----- Available data -----

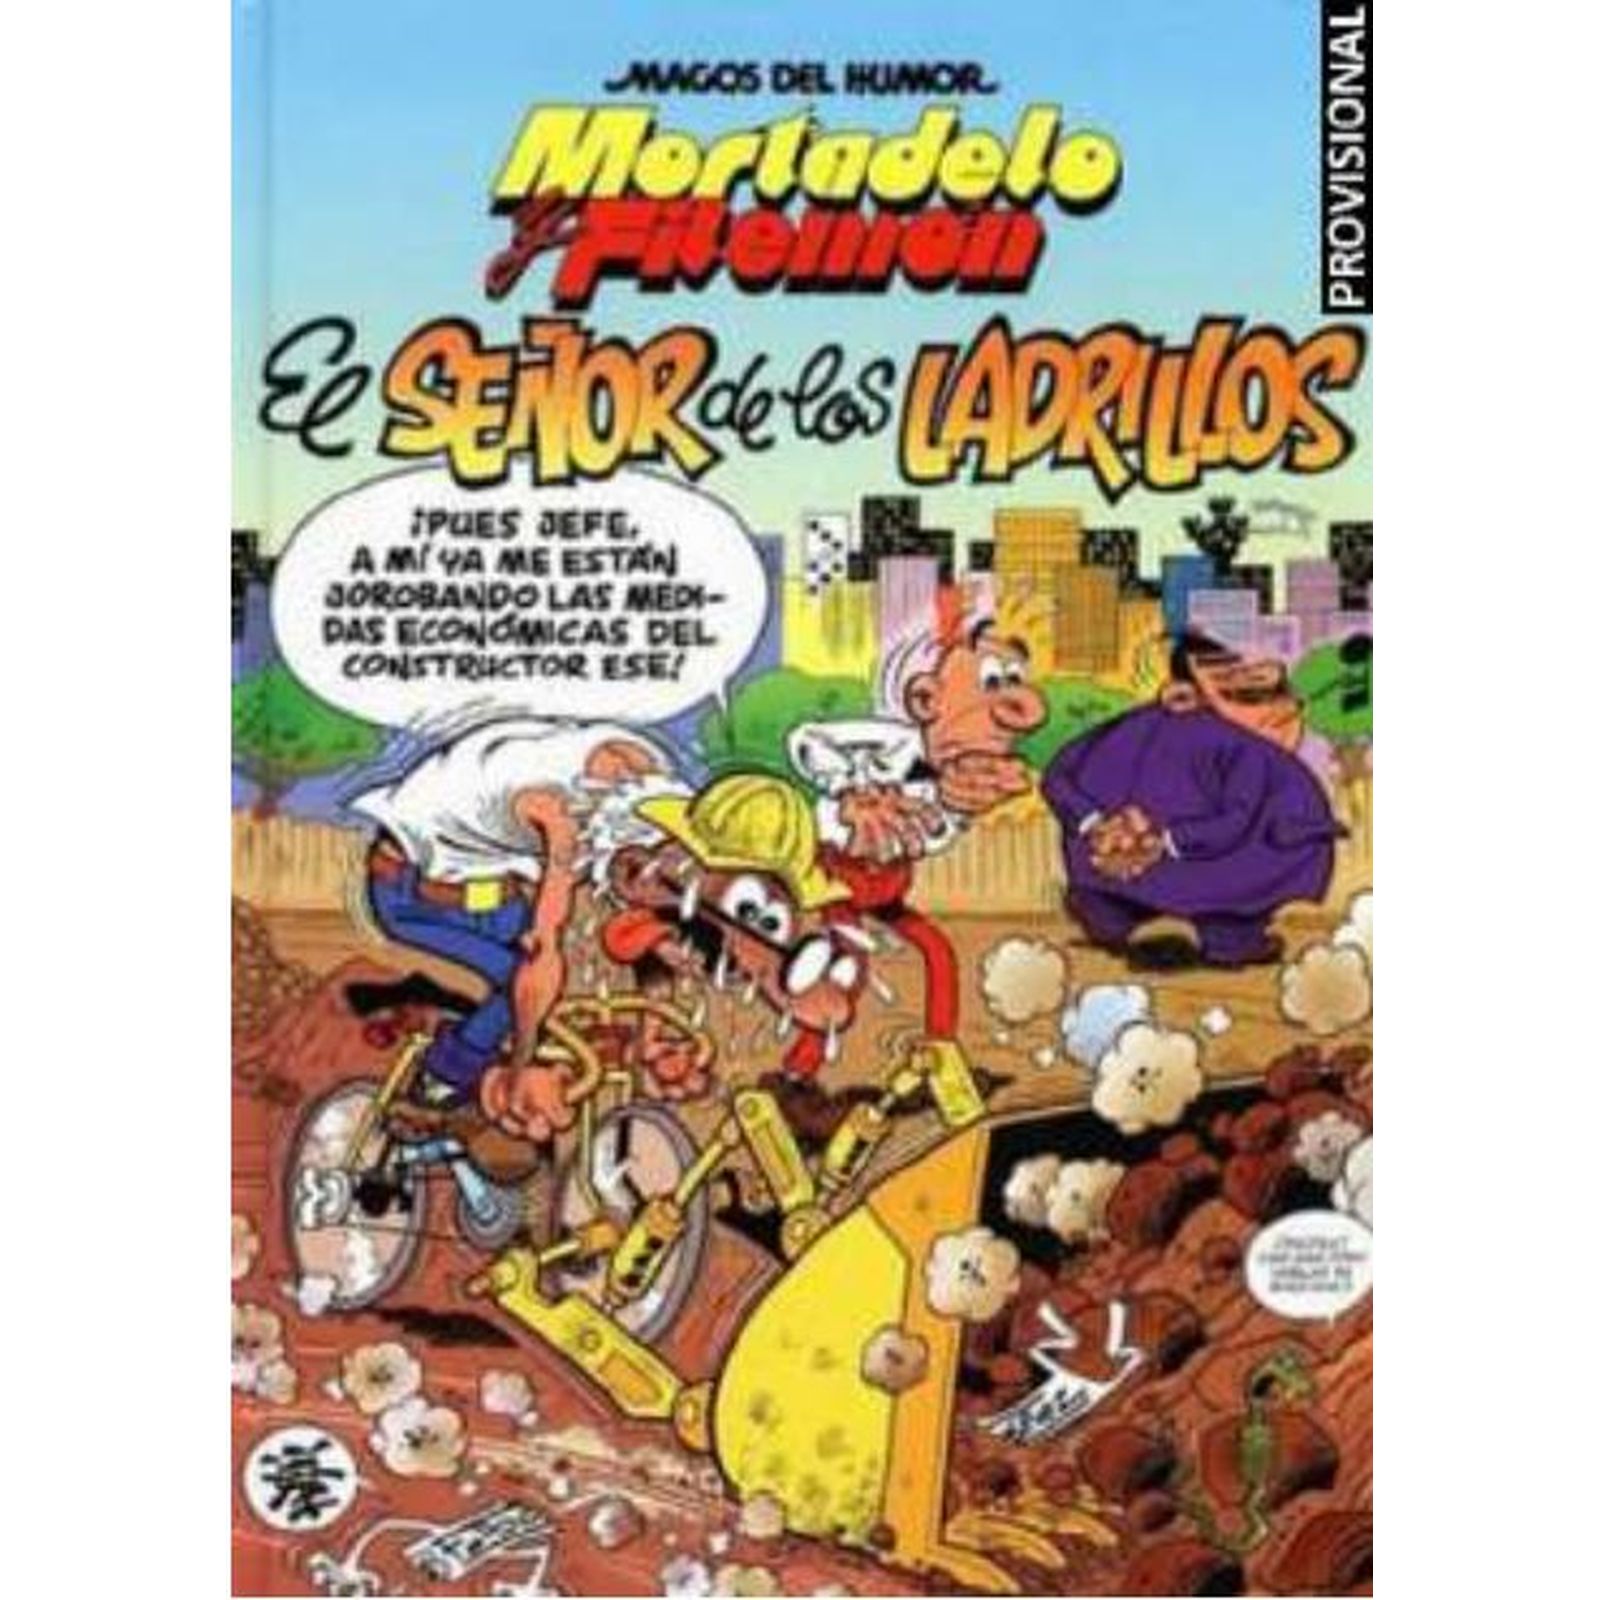 MAGOS DEL HUMOR 104. .EL SEÑOR DE LOS LADRILLOS (MORTADELO Y FILEMON)
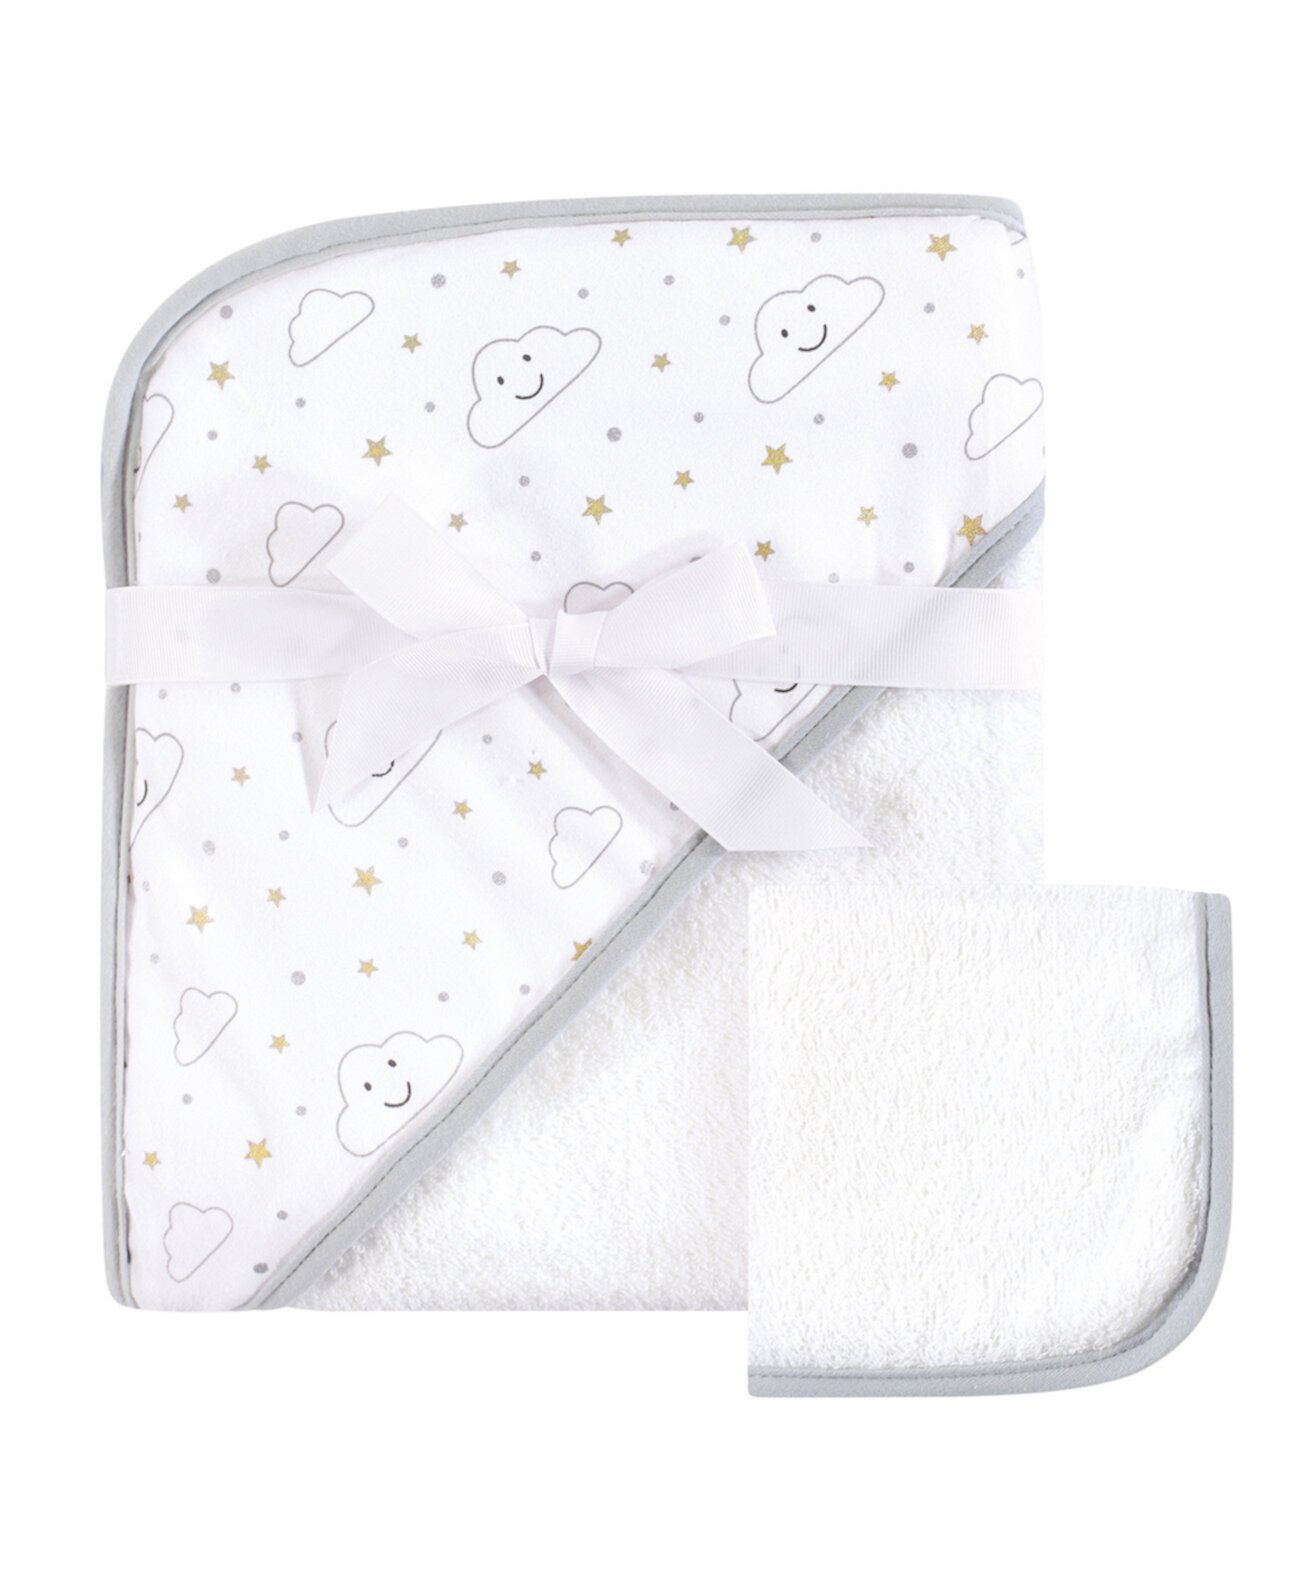 Hudson Baby унисекс детское полотенце с капюшоном и мочалка, набор из 2 предметов Grey Cloud, один размер Baby Vision
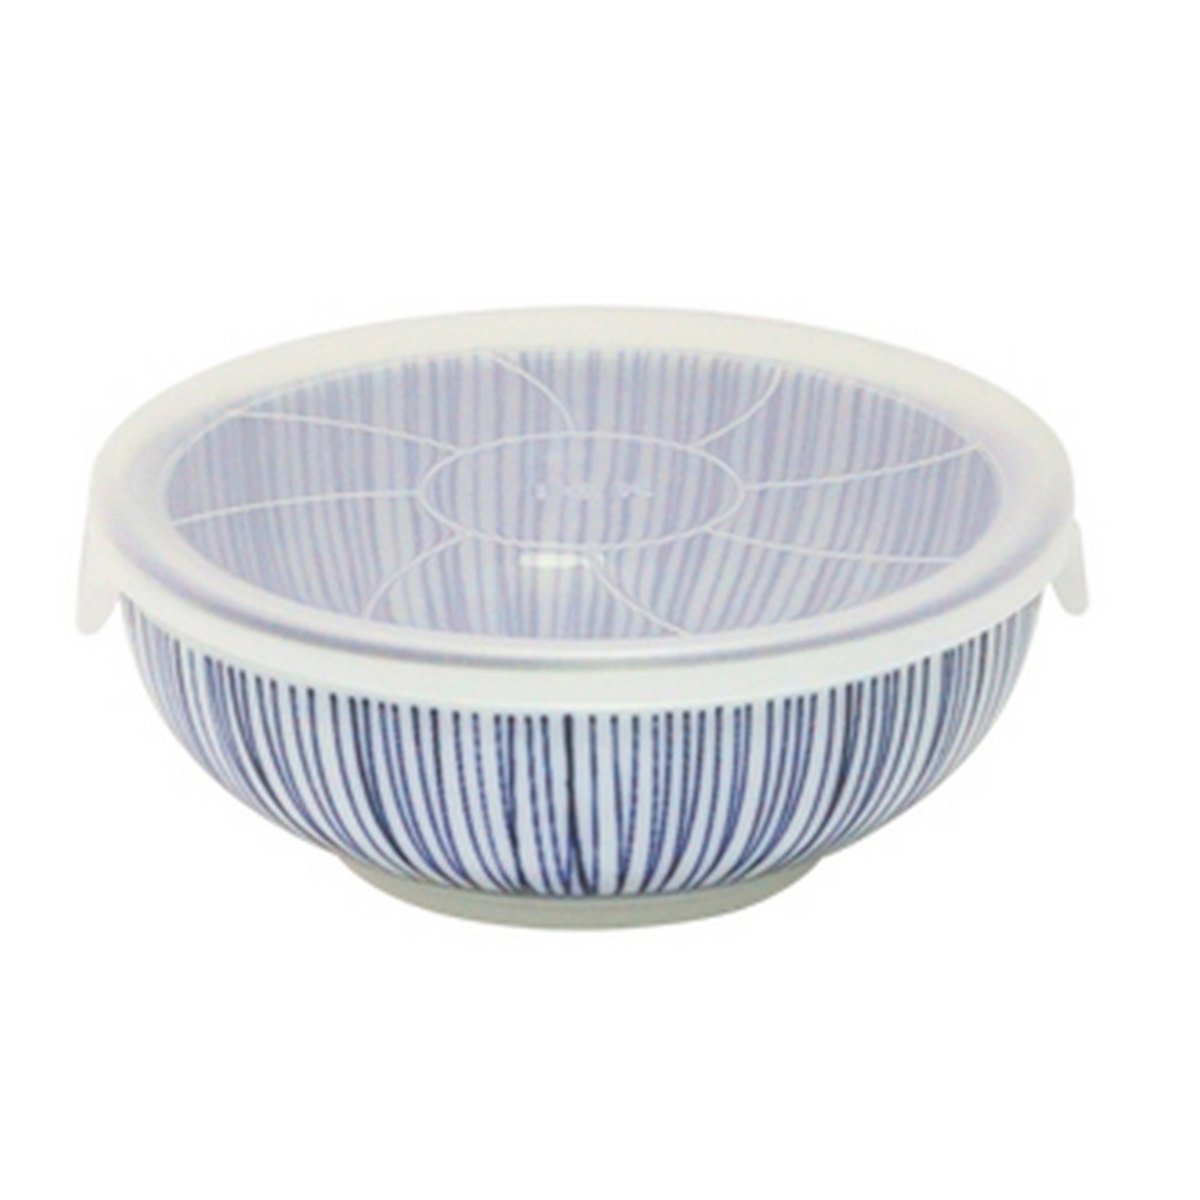 Concept Japan Hosotogusa Large Bowl with Lid 17cm

-----

What you are asked to do :: Your task is to restate word for word the lines from the line holding "Hudson Baby унисекс" through the final line of the listing, both included, but none of the pictures.

Exercise result ::
 Hudson Baby унисекс детское полотенце с капюшоном и мочалка, набор из 2 предметов Grey Cloud, один размер Baby Vision
 Concept Japan Hosotogusa Large Bowl with Lid 17cm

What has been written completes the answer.